I have a craving to get up and clean something – anything – to try to stem the overwhelm of my thoughts. But I resist. I don’t want Ash to wake up and find me scrubbing down the toilet at three a.m. in a pair of rubber gloves.
By nature, I’m a sceptic. I’ve never been into ghosts, or past lives, or those psychics who tell you your dead nan’s got a message for you. I’ve always believed that when you’re gone, you’re gone. Which was maybe why losing Jamie was so hard. I could never really draw comfort from the idea that he was looking down on me, or that if I talked to him, he was listening. When he died, it was as if he’d simply vanished – evaporated like morning mist as the sun rose without him. He was dead, gone for ever.
So how can I possibly turn my back now on an unexpected chance to reclaim him? To live out the future that was stolen from us? Ash is, in a million tiny ways, the person Jamie was destined to become.
I’m pretty sure Ash won’t take it well, if I tell him any of this. But I’d never forgive myself if I didn’t try. I need him to know that on the night of his accident, I believe that – mad as it sounds – Jamie’s spirit occupied his body somehow.
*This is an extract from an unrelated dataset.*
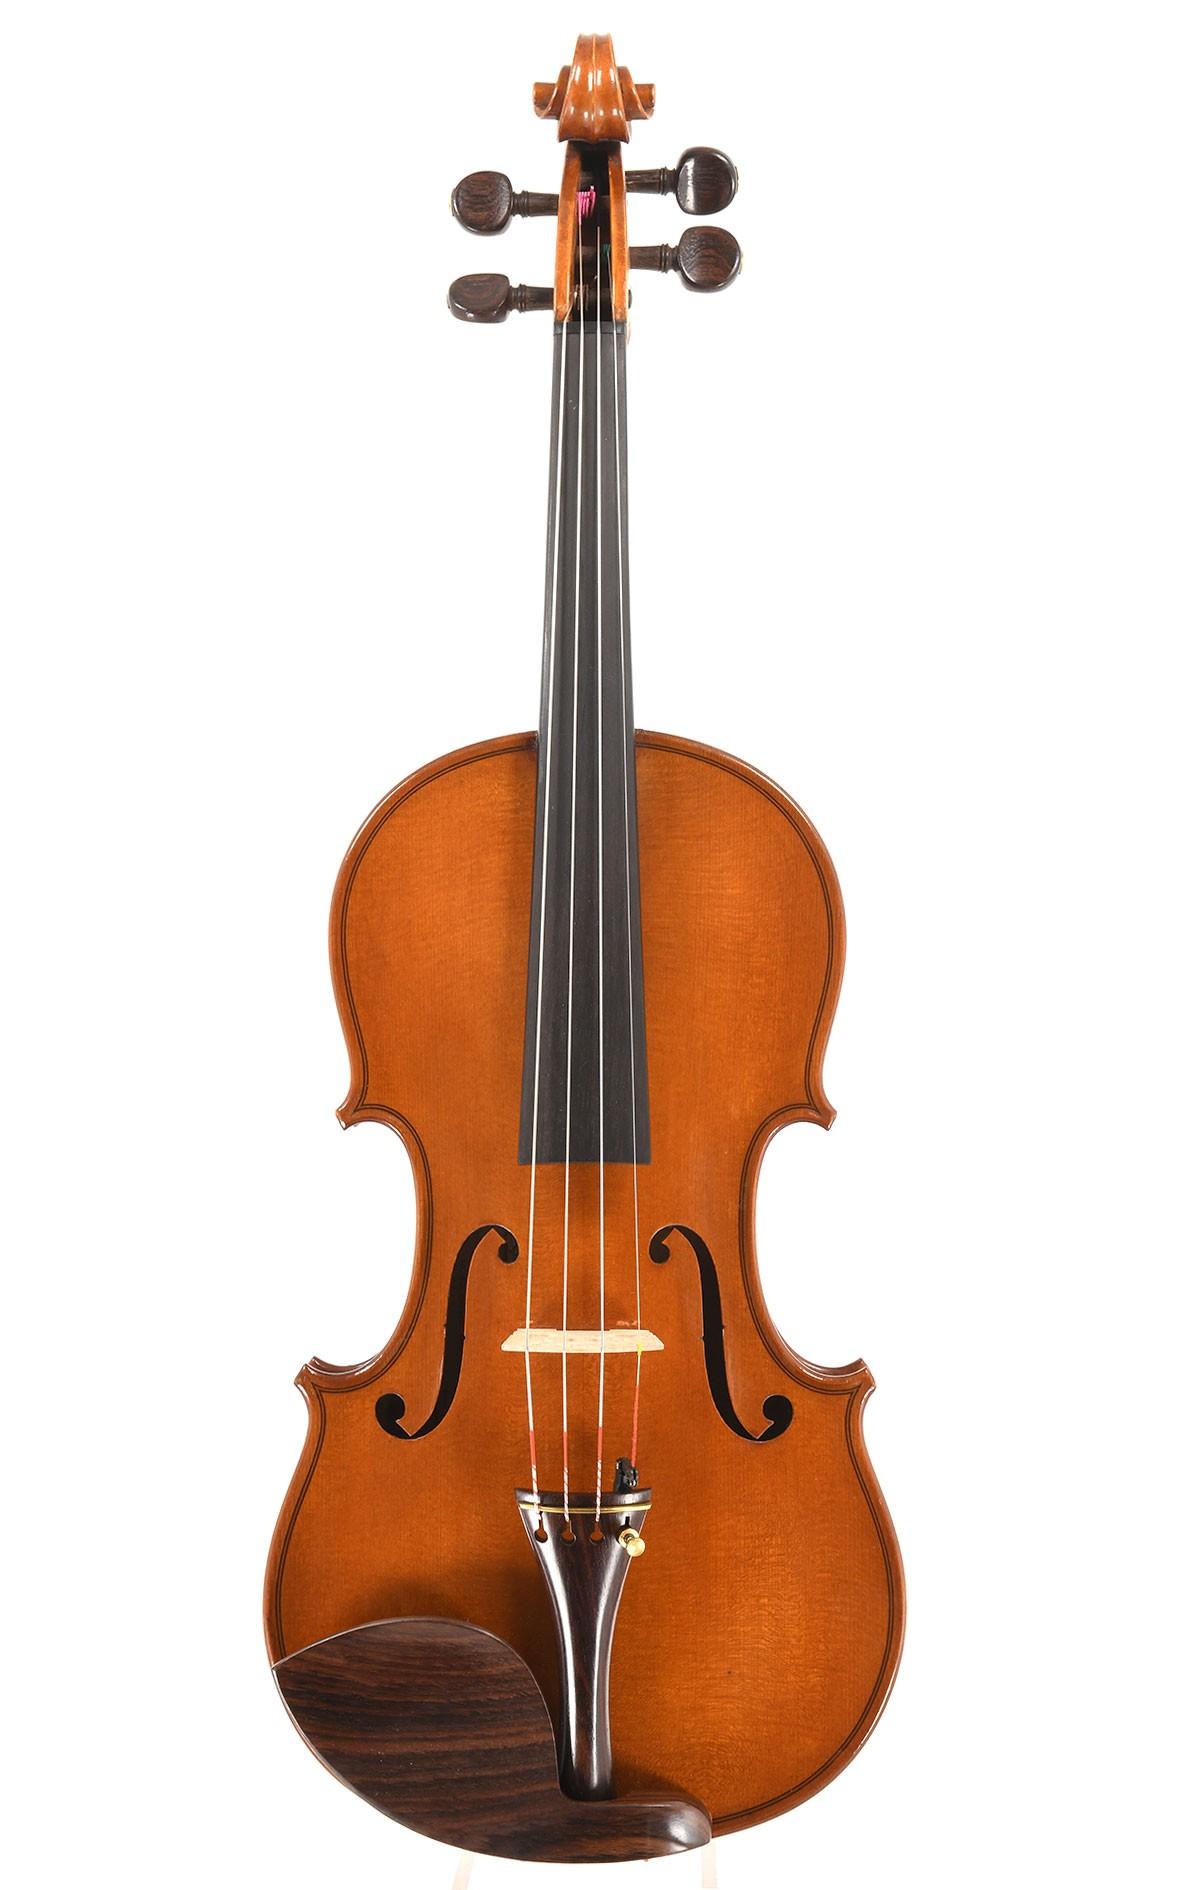 French violin by René Jacquemin, 1942

That what Jamie and I had was too good, too magical, for our premature goodbye. That our love simply shed its leaves for a season – a winter that arrived without warning – and now our summer has come again.
Chapter 27.
On a hot Friday night after work, Lara picks me up in a silver convertible.
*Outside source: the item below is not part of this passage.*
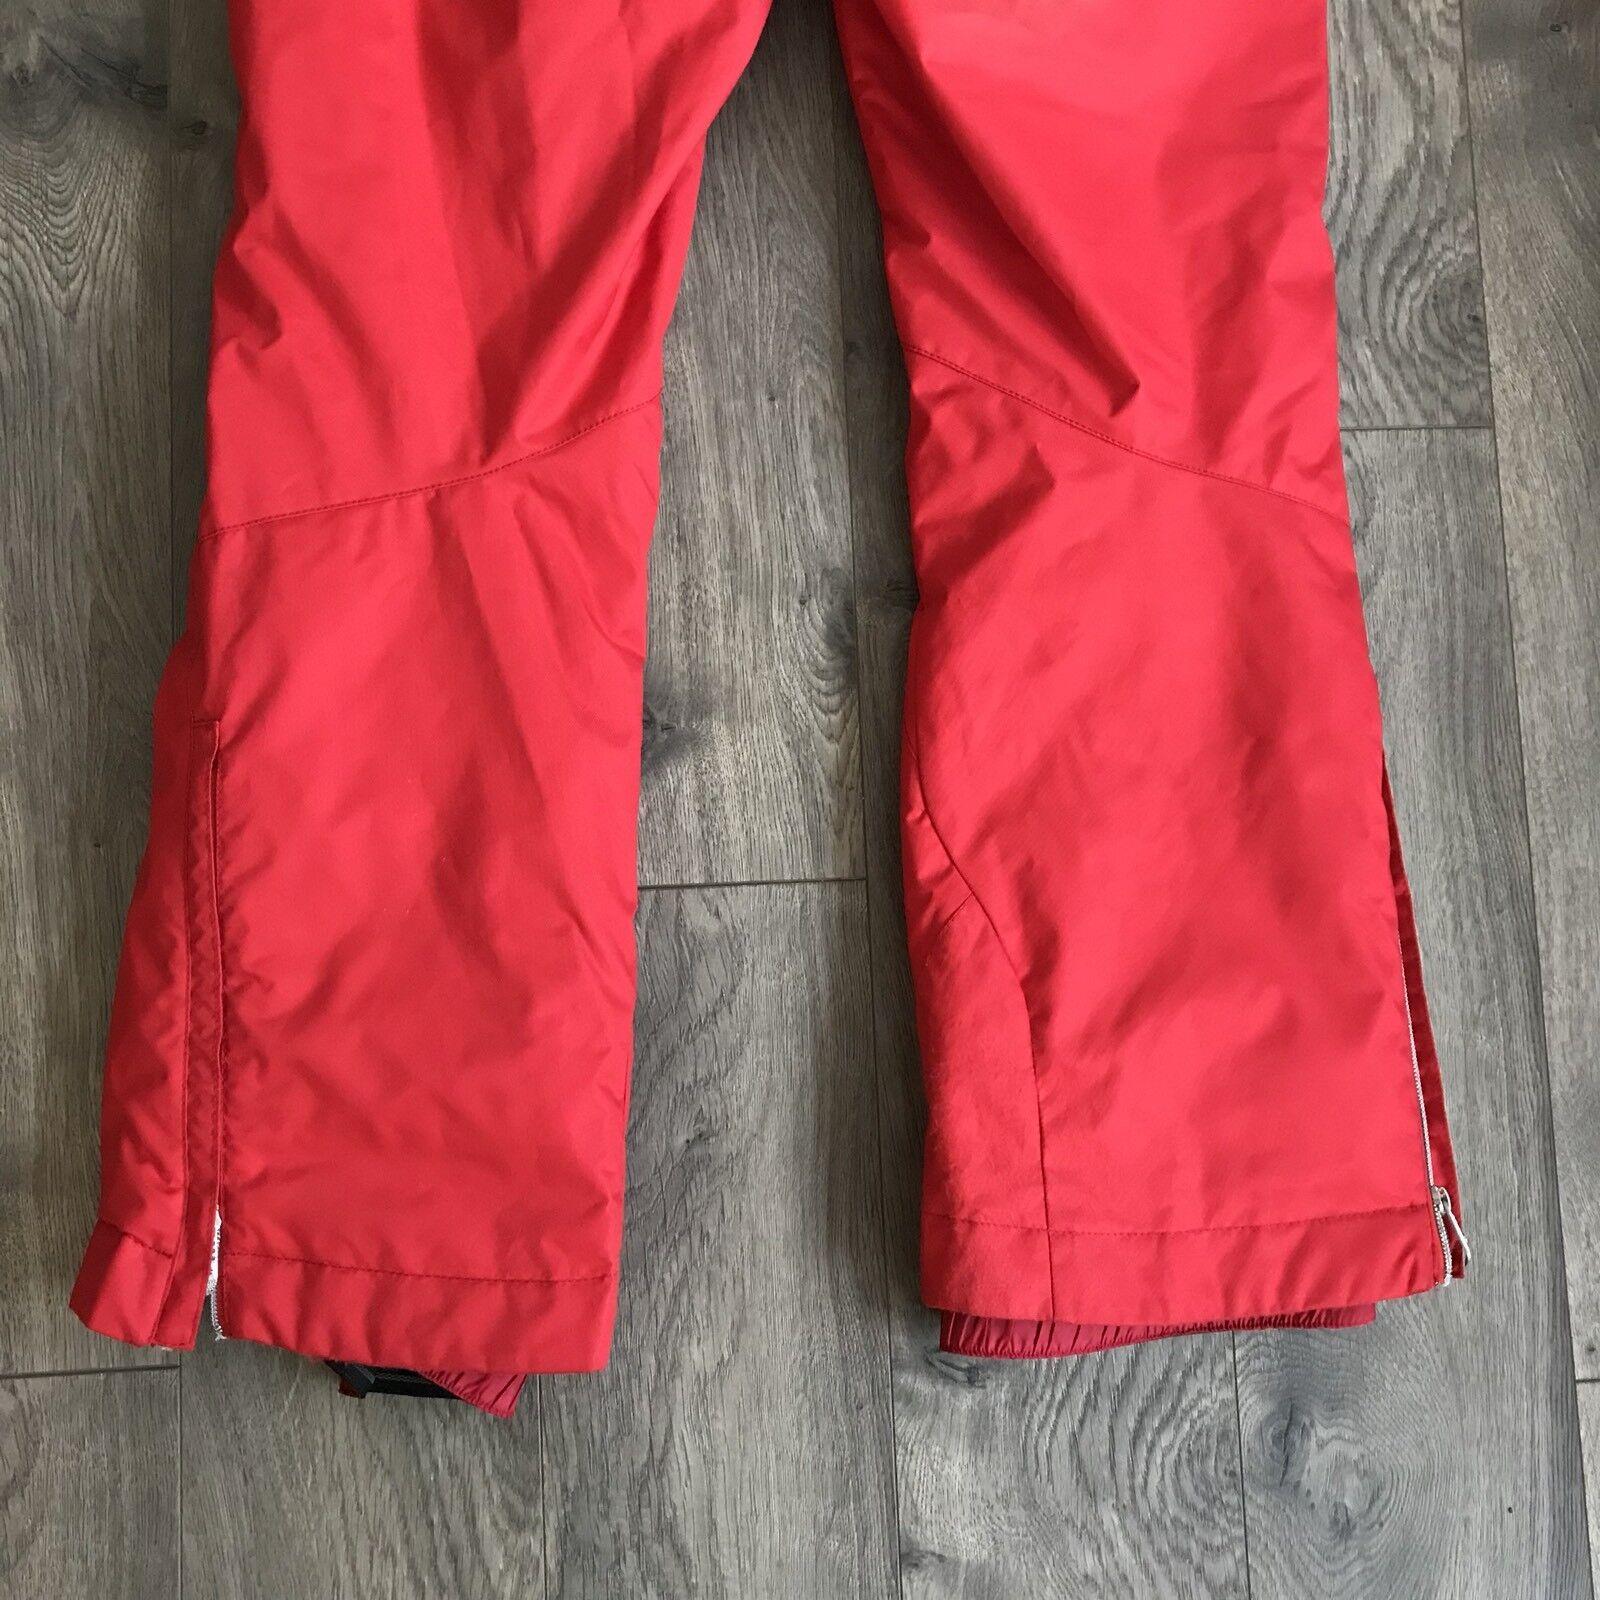 GOLDWIN G-8352EL SKI Snowboard Race Racing Pants ROT Woman's Woman's Woman's Größe 10 7cae04

I afford the vehicle the staggered gawp it deserves. ‘What is this?’
She pulls a face, despite the fact that with her shades and floral headband, the whole look really quite suits her. ‘It’s Mum’s, she loves it, she bought it right after Dad died, so no-one can say anything. It’s horrible, it’s embarrassing, get in.’
I smile, and do as I’m told.
‘Felix thinks she’d be offended if we got a hire car while we’re here. So... we’re just going to act like delusional OAPs for the evening, okay?’
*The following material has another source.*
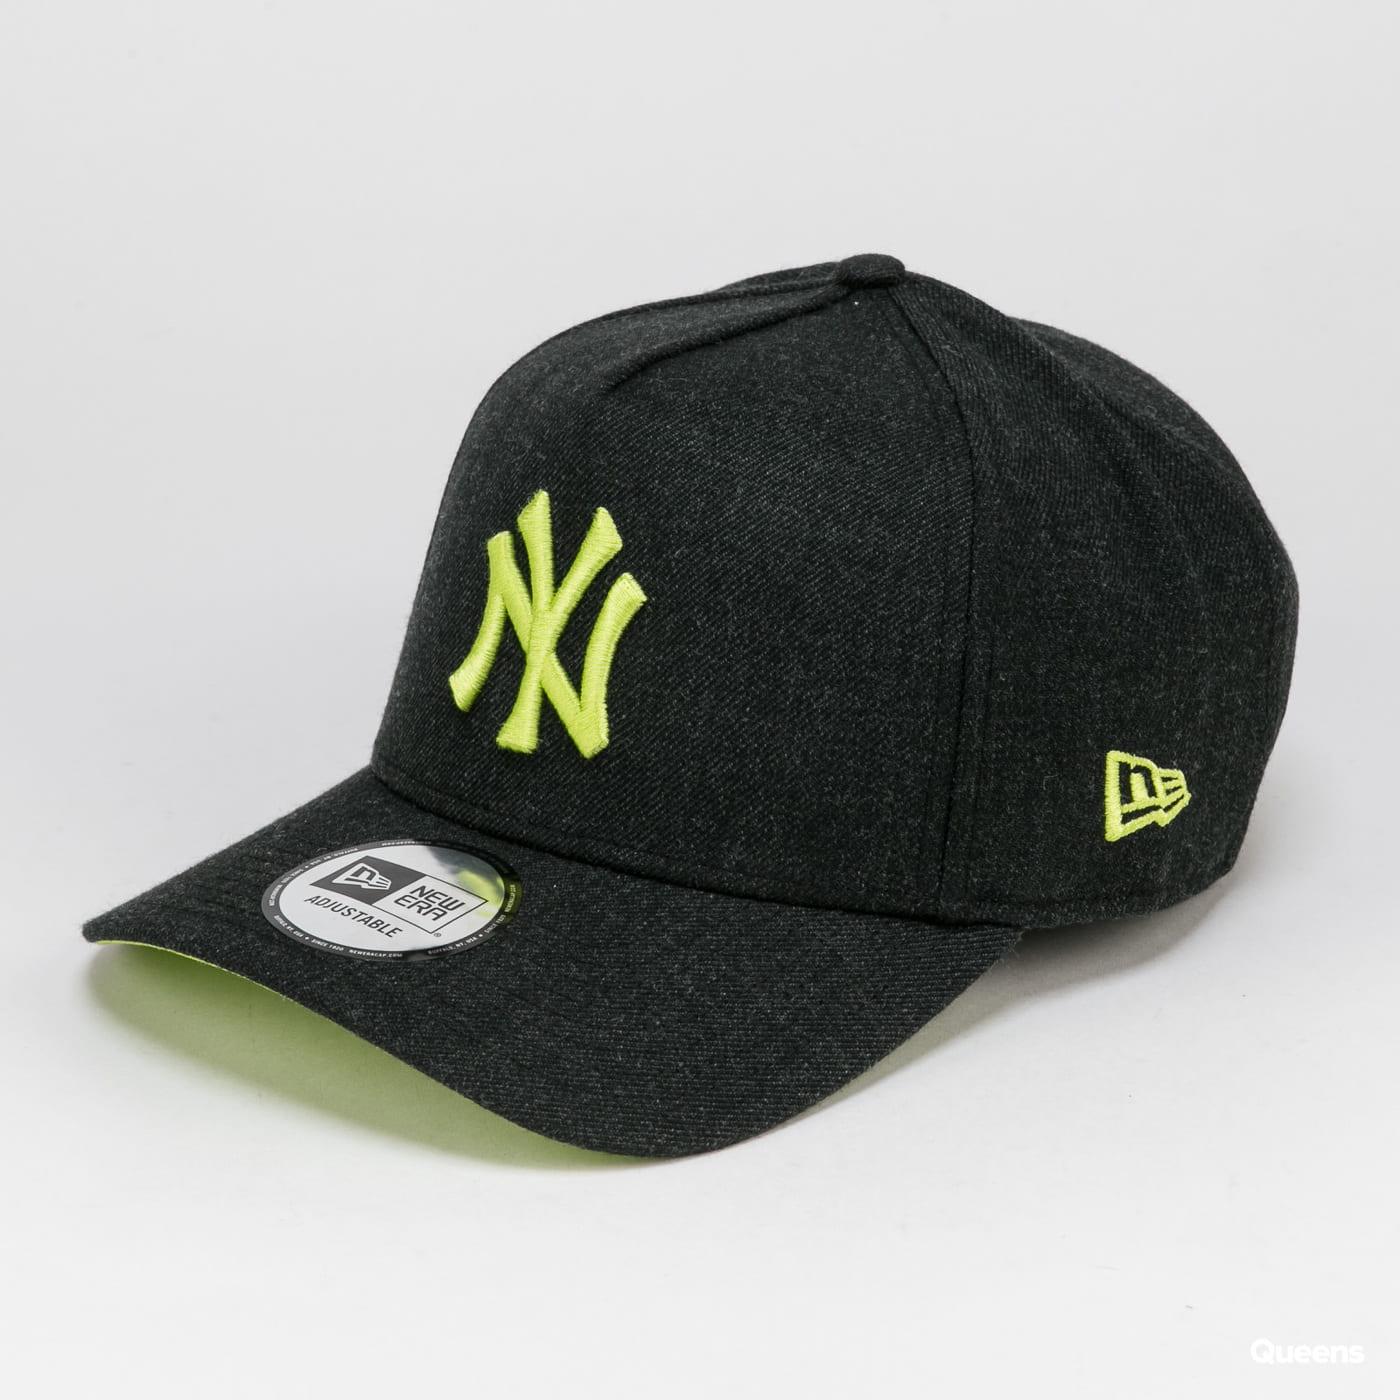 New Era 940 MLB Heather Pop Aframe NY melange black / yellow-green

‘Why act?’ I say, pulling on my seatbelt. ‘I’m knackered. I quite fancy early retirement.’
Lara laughs, and starts the engine.
It doesn’t escape me how carefully she pulls away from the kerb.
There is a nature reserve a ten-minute drive from Norwich, on the south bank of the river Yare. Lara tells me she can’t be arsed to walk, that she knows a good bench. At this, I’m relieved – being July, it’s way too hot for hiking, and anyway, I’m wearing sandals.
She leads the way along a winding grassy path to a bench overlooking a glistening web of silver streams spun into the heart of the reed bed. It’s a private and tranquil corner of the reserve, a summer-lit segment of solitude, our only company the frogs and grebes and reed warblers and coots.
‘This is actually my dad’s bench,’ Lara says, as we gaze out over the cluster of lush green wetland. Above our heads, tiny vaporous clouds roll past, soft like kettle steam. ‘He loved this place.’
I turn to look at the brass plaque behind my right shoulder.